We talk about how things peak and decline. These are often illusions. There really is no such thing as “peak oil” in any practical sense, for example, but we can see peaks in human activities. The U.S. probably reached peak gasoline in 2007, i.e. we will never again burn as much gasoline again. We probably reached peak U.S. CO2 emissions about the same time. Our emissions are generally falling. Today scientists believe we have reached peak farmland, i.e. our footprint on the land will be reduced in the future.
This thanks to improved agricultural productivity. In the not too distant past, farmland under the plow increased in relation to the amount of crops grown. From 1870-1940, for example, the corn harvest closely tracked acres planted. Today we produce five times as much corn each year, but on LESS land. We will ever again plant as much land in corn as we during the 1940s.
The total amount of land planted in crops worldwide continued to rise in recent years because population was growing and the world’s people were improving their diet, i.e. eating more in general and eating more meat. But these trends are slowing too.
Population growth is much slower than it was a generation ago and is expected to slow and maybe even reverse within the lifetime of people already alive today. As for eating more, people’s appetite for more and better food goes up, but then also stabilizes. Although we all know some people who are pushing the limits, eventually there is only so much a person can eat.
We can expect agricultural yields to continue to improve, especially if we can get beyond the troglodyte fear of GMOs. Even w/o this source of improvement, there are lots of things that can be done. I read recently about a lettuce bot that can efficiently weed, thin and pick lettuce. This will improve cultivation techniques, while dispensing with the need for backbreaking labor current applied in the fields.
We can already see the results of more efficient agriculture, although it is so much around us and happened so slowly that we might not notice. In the last century, forests in the Eastern U.S. and Western Europe have returned as cropland no longer needed was recolonized by forests. There is more forest canopy in the Eastern U.S. then there was in 1812. With that has come wildlife. Deer, turkeys and even squirrels were almost extinct in some states a century ago. Today they are common enough to be pests in lots of places. ears are back on our tree farms. Before about ten years ago, they had been absent for a hundred years. I am not sure I am completely happy about their return, BTW. (I prefer not to share my land with dangerous animals. I don’t really think that they would be more afraid of me than I would be of them.) But return they have.
Anyway, the smaller footprint on the land will give us the luxury of small scale organic farming for the upscale markets as well as the capacity to conserve natural areas and better protect soil and water resources. We really need to update our conception. For my entire life we have talked about fragile nature.
It has been a narrative of sad loss. According to this paradigm, each year there was less: less clean water, fewer animals and trees etc.
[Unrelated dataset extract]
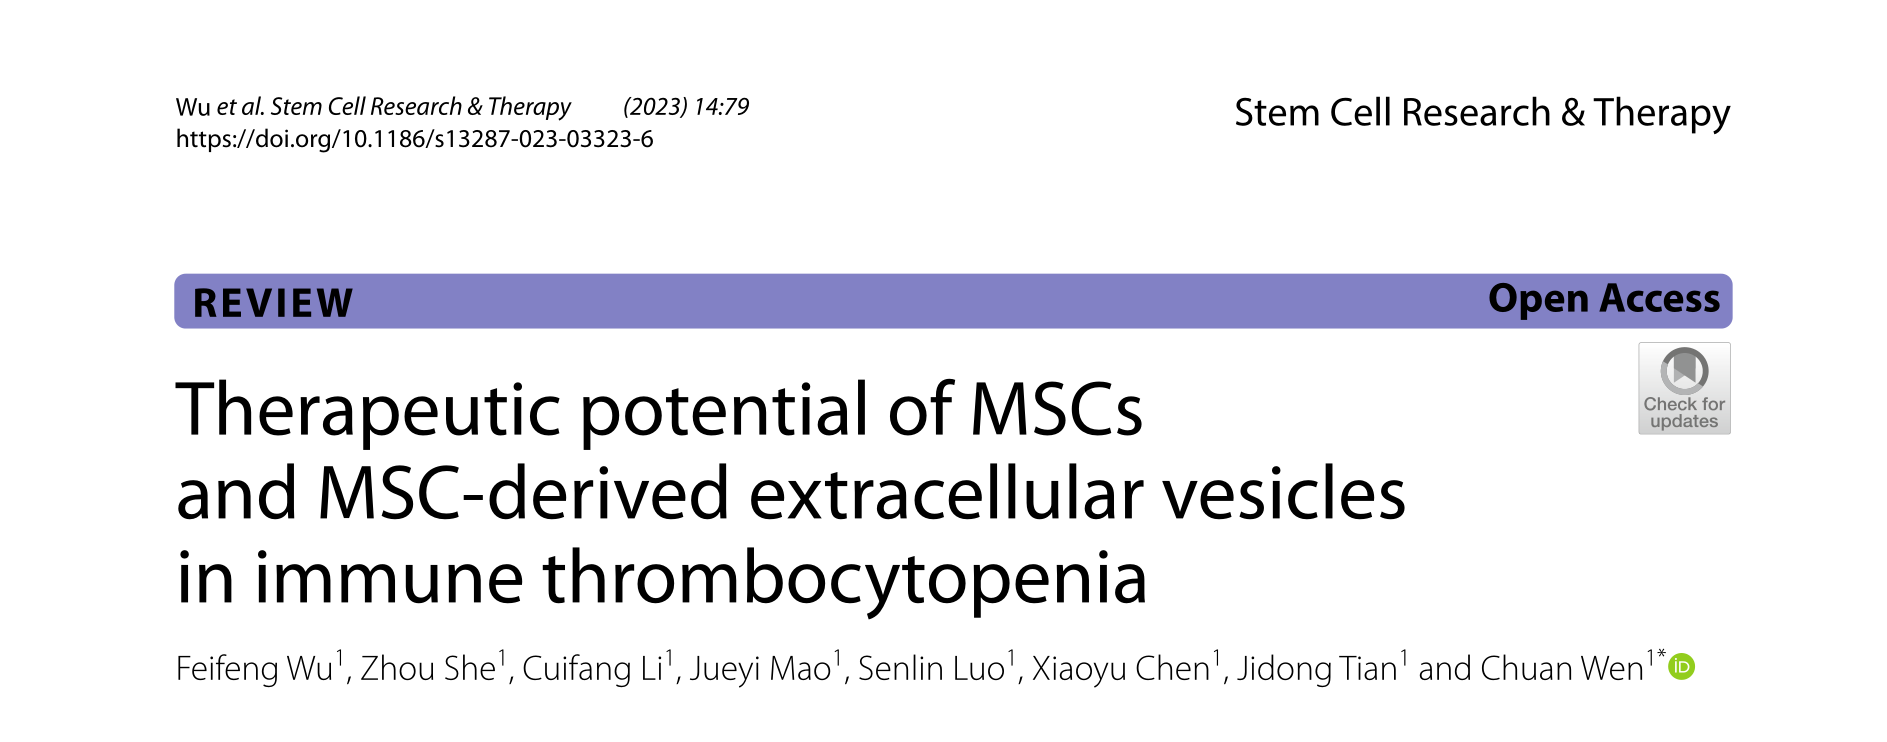 Stem Cell Research & Therapy | 中南大学湘雅二医院文川教授团队:MSC及MSC-EVs在免疫性血小板减少症中的治疗潜能

I recall “ecological clocks” ticking inexorably toward a bleak dystopia like those portrayed in movies like “Soylent Green” or “Blade Runner.” But we have turned a corner w/o perceiving it. And we did it by going forward, not backward. Today we have more and better options than we did in 1970, when I first started to worry about these things. It has turned about much better than I thought it would.
In the new paradigm, we need to restore humans in nature. IMO, in the old paradigm there is too much separation. We want to protect nature FROM humans. This follows naturally if you believe in the idea that we are merely trying to slow the inevitable loss. In the renewable and renewed world we live in today, I think it is important for people to understand their integration. I like the idea of community farms, not because I think locovores are more ecologically beneficial (I don’t) but rather because it helps people understand where food comes from.
I also think we need to encourage a new generation of hunters. Hunting is dying out, as the older generation of hunters literally dies out. It would be a good thing if at least some of our calories came from wild game now expanding numbers into our neighborhoods. No matter what, the mind-sets and adaptions of the past fifty years will be increasingly out of date in the next.
Another addition – return of wolves to the Eastern forests.